Выбрать главу

3.04. Перед сном молились о солнце. Мало. Проснулись — снег. Целый день снег. Планы рухнули: «базар — йок. Чинар — йок. Из-за снега выйти не мог».

Сидим в номере, а ведь суббота — день отдыха. После слов р/с «Маяк»: «в Ленинграде снег, переходящий в дождь…», родился стих:

В Ленинграде снег переходит в дождь, В Чарваке снег не проходит. Он идет день. Он идет ночь. Он глухую тоску наводит. Он срывает аулам большой базар. Нет машин в субботу на площади. Мы не можем узбекский купить товар. Снег апрельский! ПО-ЩА-ДИ! Очень хочется плюнуть тому в глаза, Кто сказал: «Тепло там в апреле». Ах, зачем я поверил в цветущий сад? Ах, зачем в весну я поверил? За окном стеной мокрый снег валит. Горы он закрыл начисто. На плотине нам мерить предстоит… Какое тут, к черту, качество?!

4.04. Целый день непогода. Снег валит. «Ресторан — йок, горячая вода — йок, я голодный, холодный — весь занемог». Мы сидим в номере, читаем, вяжем. Не пьем, едим всухомятку «плюшка здобный». Я смотрю на свою коллегу Галку, Галину Федоровну, — красивую, седую в футболке и черных колготках с быстро мелькающими в руках спицами — и сочиняю стих:

Ты мне нравишься в черных колготках, Ты мне нравишься в черной футболке. Не похожа ты на кокотку, А скорее — на комсомолку, Молодую, с седою гривой, Что сидела без света и газа, Без еды бывала счастливой, На работе горела в экстазе, В снег и стужу, как мы, зубами Лязгала, но не сдавалась, Не рыдала, не рвалась к маме, А сквозь слезы с трудом улыбалась. Да, Галина, в этой футболке Для меня ты всегда КОМСОМОЛКА!

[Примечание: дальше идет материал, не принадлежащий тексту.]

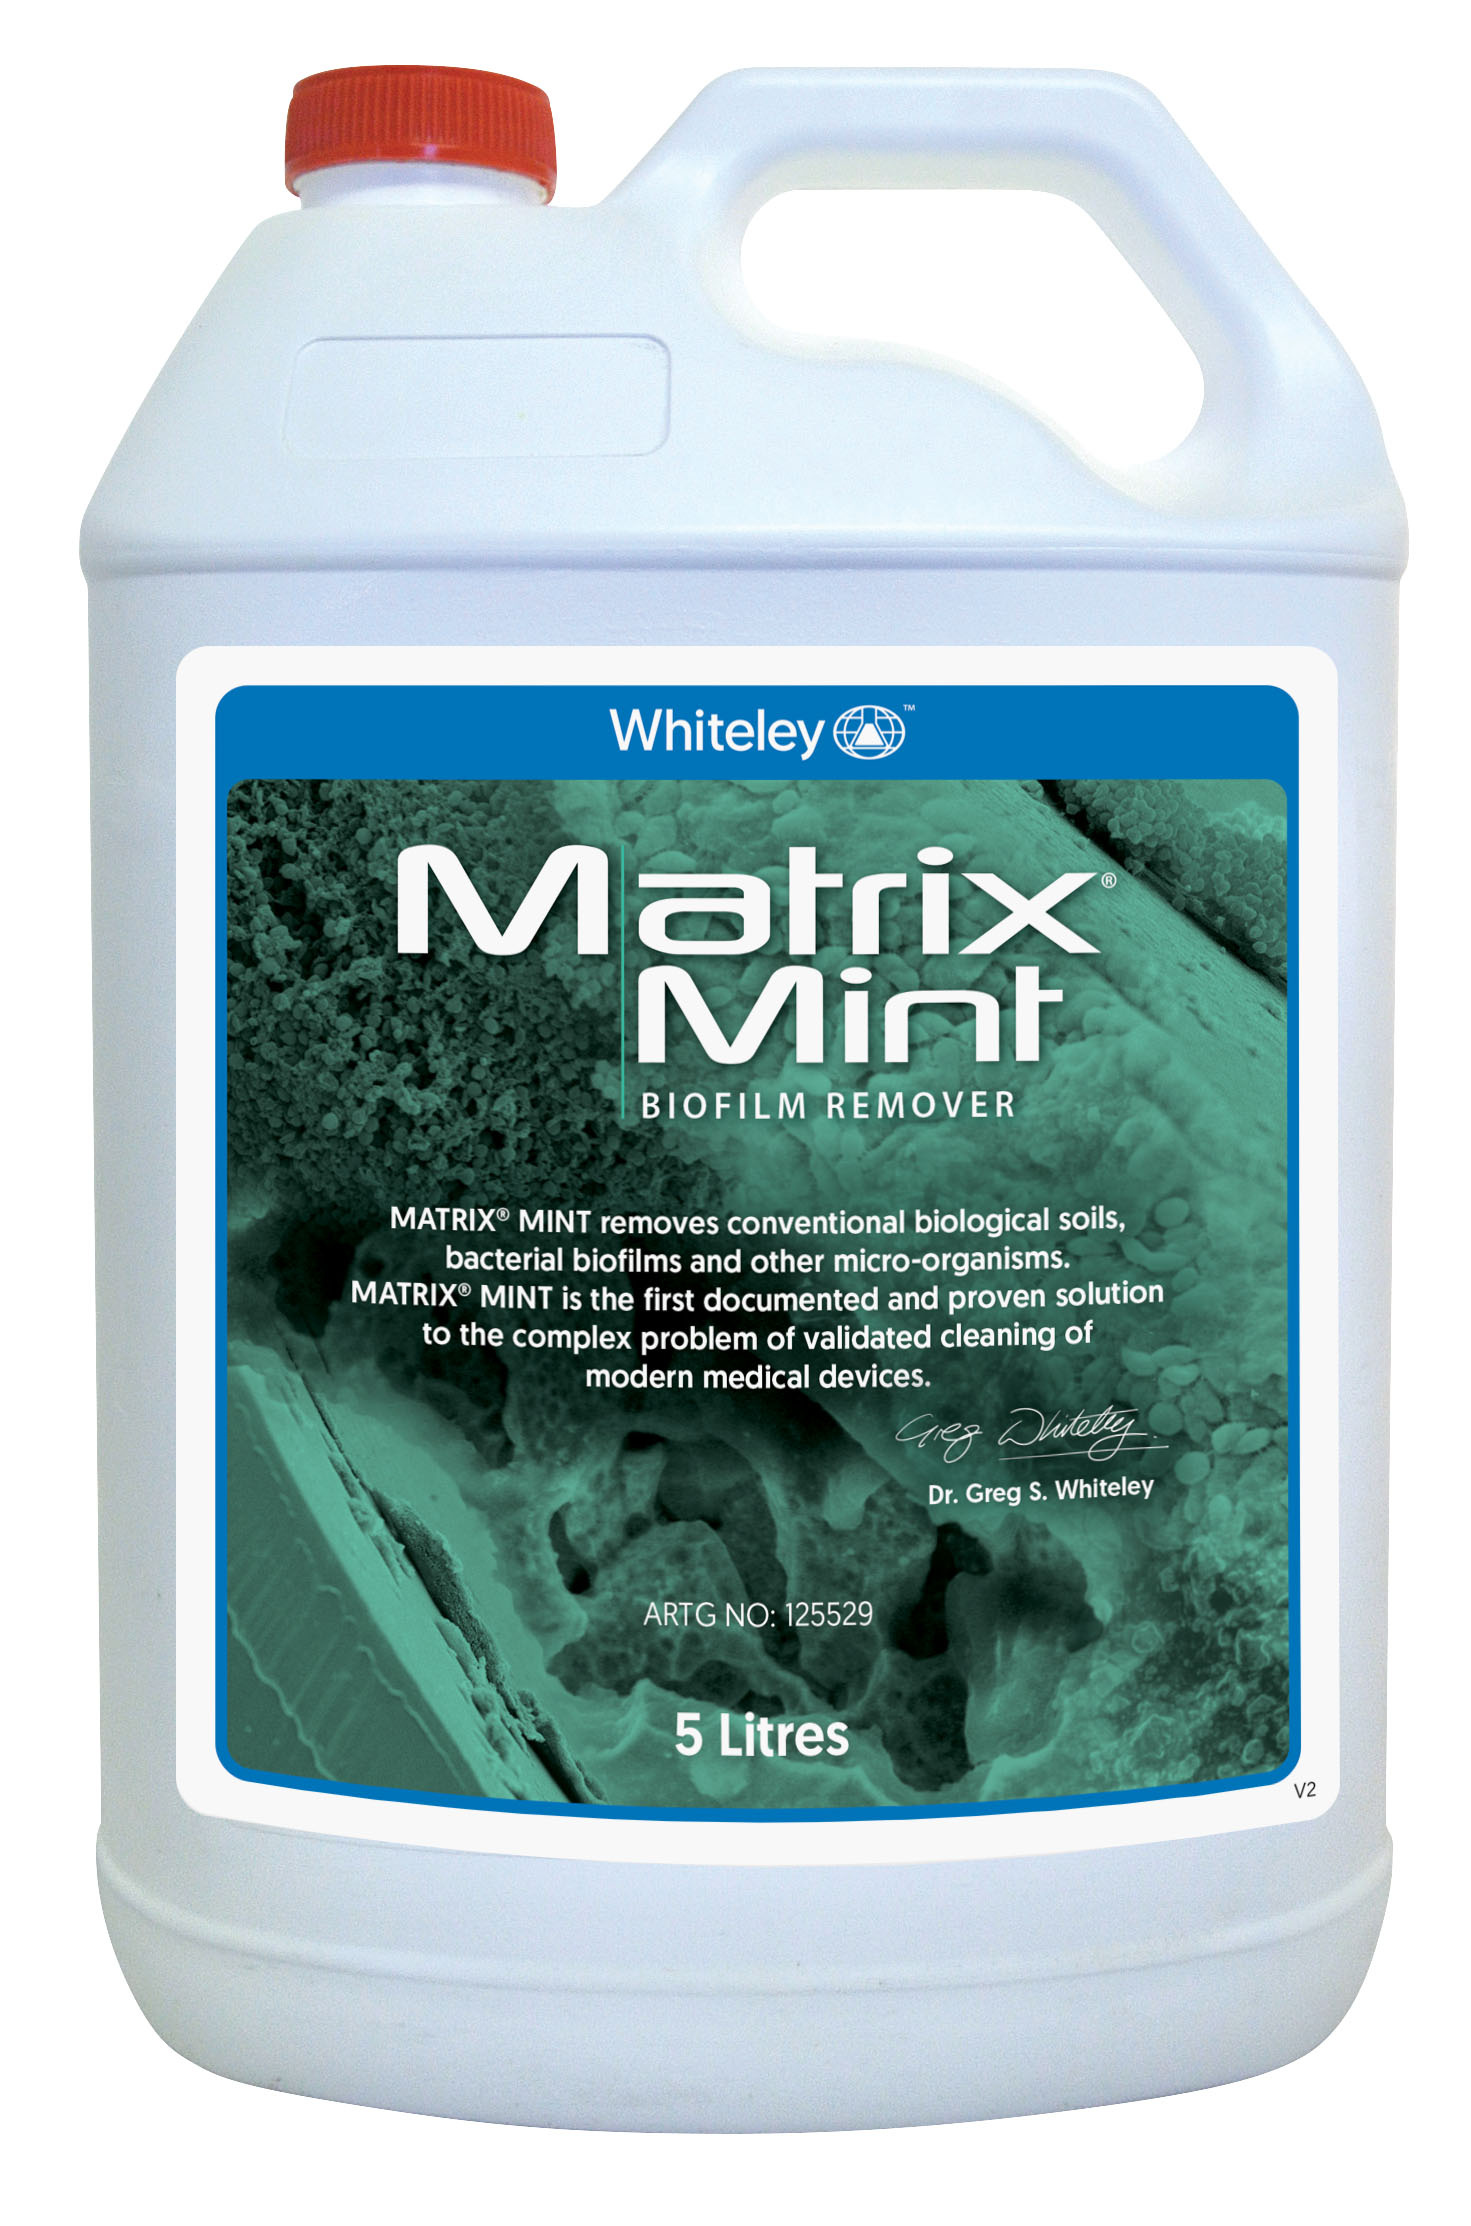 Whiteley Matrix Mint Biofilm Remover 5 Litre image 0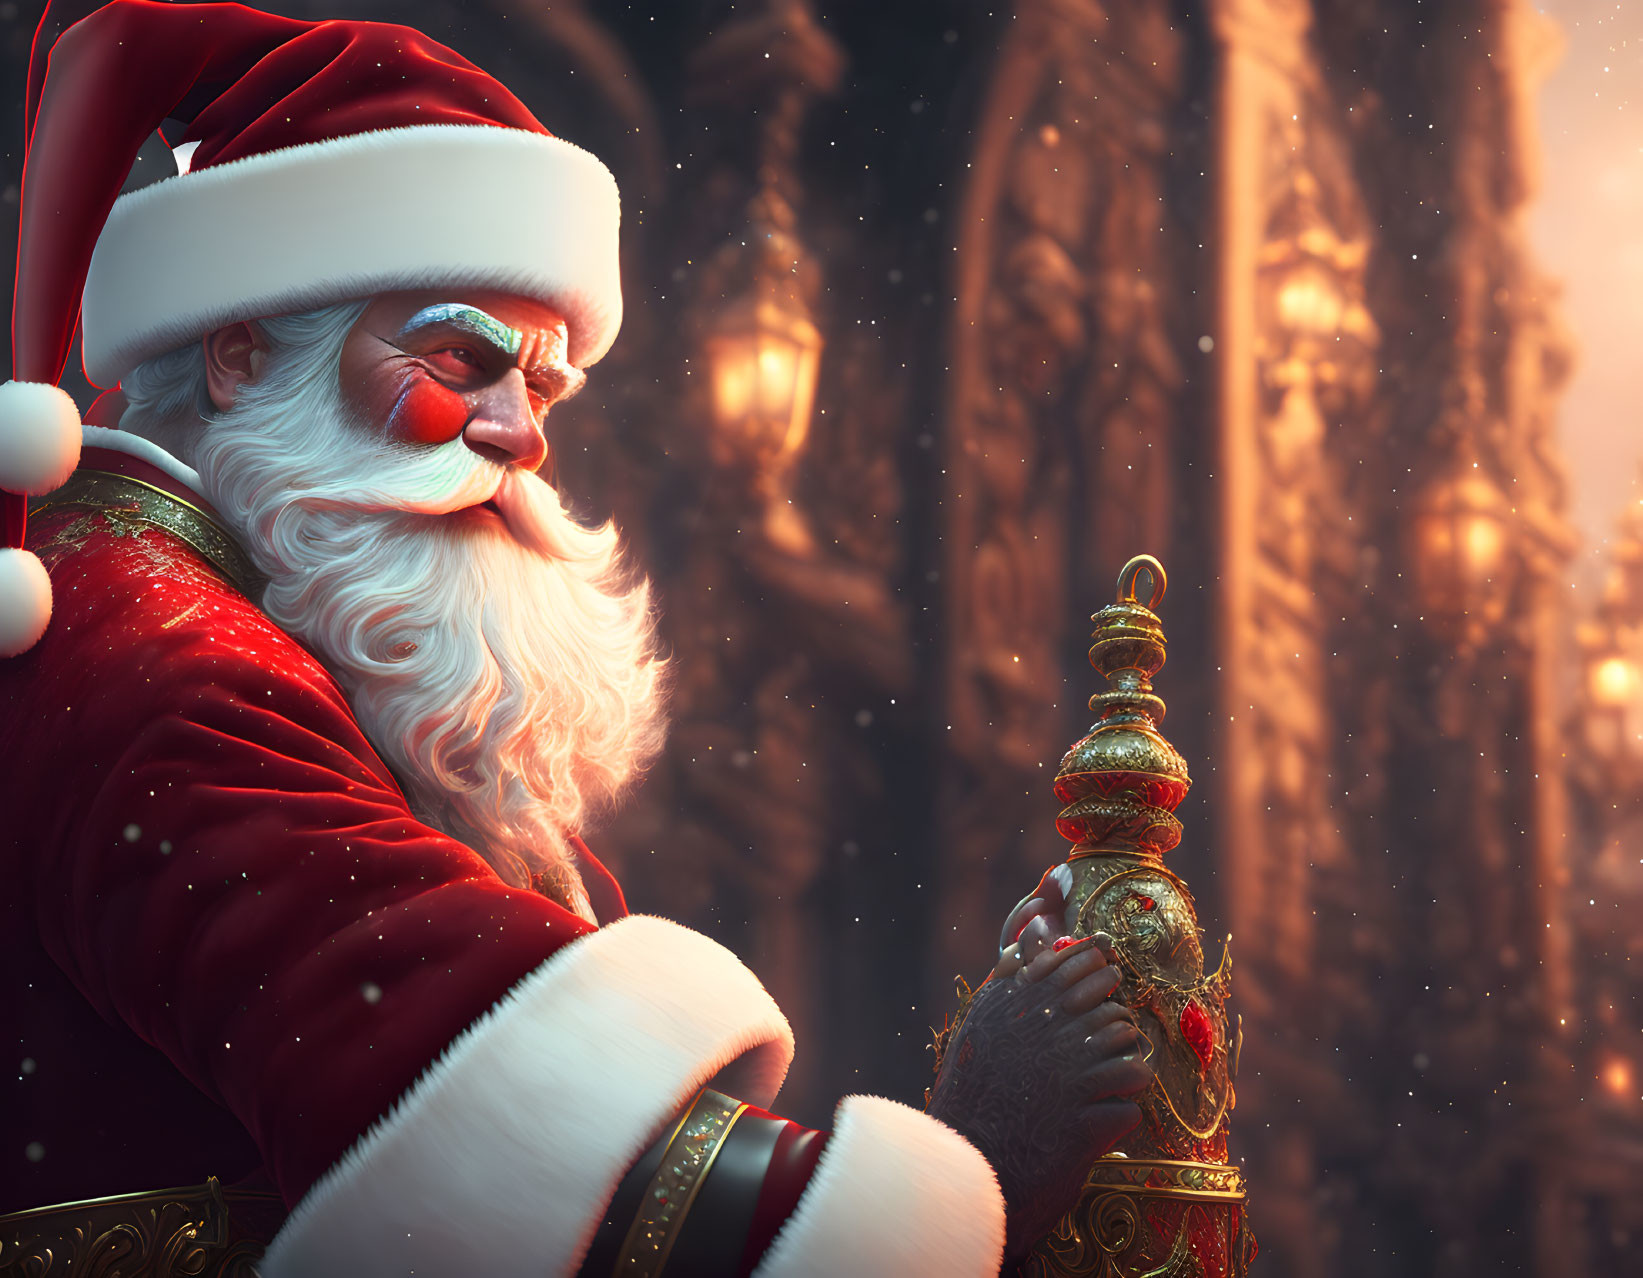 Evil Santa with a million fingers

А потом пишу письмо подруге в Ленинград:

Чтоб ты не думала, подруга, Что я живу в земном раю, И веселюсь в часы досуга, И от веселия пою, Знай, здесь тоска, какой не снилось Тебе на Шверника узнать, Нет света, радио прикрылось, Воды горячей не достать, Вторые сутки снег стеною Валит — не видно ни хрена. Вот так апрельскою порою Я гибнуть в Азии должна.

Но мы все-таки в этих условиях по очереди читали серьезную книгу о теплопередаче, после чтения попытались сформулировать суть прочитанного. Получились очень умные строки:

Когда мы ехали в Чарвак, то про тепло задача Решалась вот примерно так, так, а не как иначе. Вы стержень и пластина (с симметрией, увы), В тепловое поле попадете вы. А теплопередачи к этим двум фигурам, То есть «лямбды», будет чересчур им. Зная вашу способность загорать, не советуем на солнце спать, Сиди в тени и кабель тяни. В реальной обстановке Чарвака граничные условия пока: Тепловой поток уменьшился до нуля, под снегом лежит здесь земля, А мы лежим (и стержень, и пластина) и греемся дыханием единым. Без внутреннего источника тепла обе фигуры замерзли до бела, Де Q по де Т стремится к нулю, лежу — курю. Тепло — йок, свет — йок. Неизвестно, на какой срок. В таком тепловом поле будем мы жить доколе???

5.04. Мороз и солнце — день чудесный. Мороз днем перешел в тепло. Мы на замерах обходной фильтрации «разнагешились» и выставили морды солнцу. С нами ходит наблюдатель Деля, женщина, которой месяц назад в местной больнице загубили мужа. Лечили его глюкозой от инфаркта, а у него был диабет. Мы ее отвлекаем как можем. После дня ходьбы рухнули в десять и отключились.

6.04. Продолжаем обходную, но уже на машине, так как пьезометры торчат по высоким склонам. Машину ведет узбек Рашид, молодой неженатый парень, который, когда нас не везет, то спит, и так с восьми утра до четырех вечера. А еще ночью. Он из кишлака, про который сам собой слагается стих:

Унылый серый кишлак, Где свет один — чайхана, Где за дувалом — мрак (Дувал — по-русски стена). Где бабаи в чапанах Неспешно дуют на чай, Где почитаем аллах, (Ты, власть, на них не серчай!) Где и сегодня калым Любовь и ЗАГС заменил, Где над мангалом дым Путников в дом заманил. Женщина где не в чести, Кормит гостей в чачване (Чачван, ты меня прости — Намордник, как в страшном сне). Вот ведь каким был кишлак Тот, где родился Рашид. Шофер наш, как видно, дурак — В кабине всю жизнь он проспит.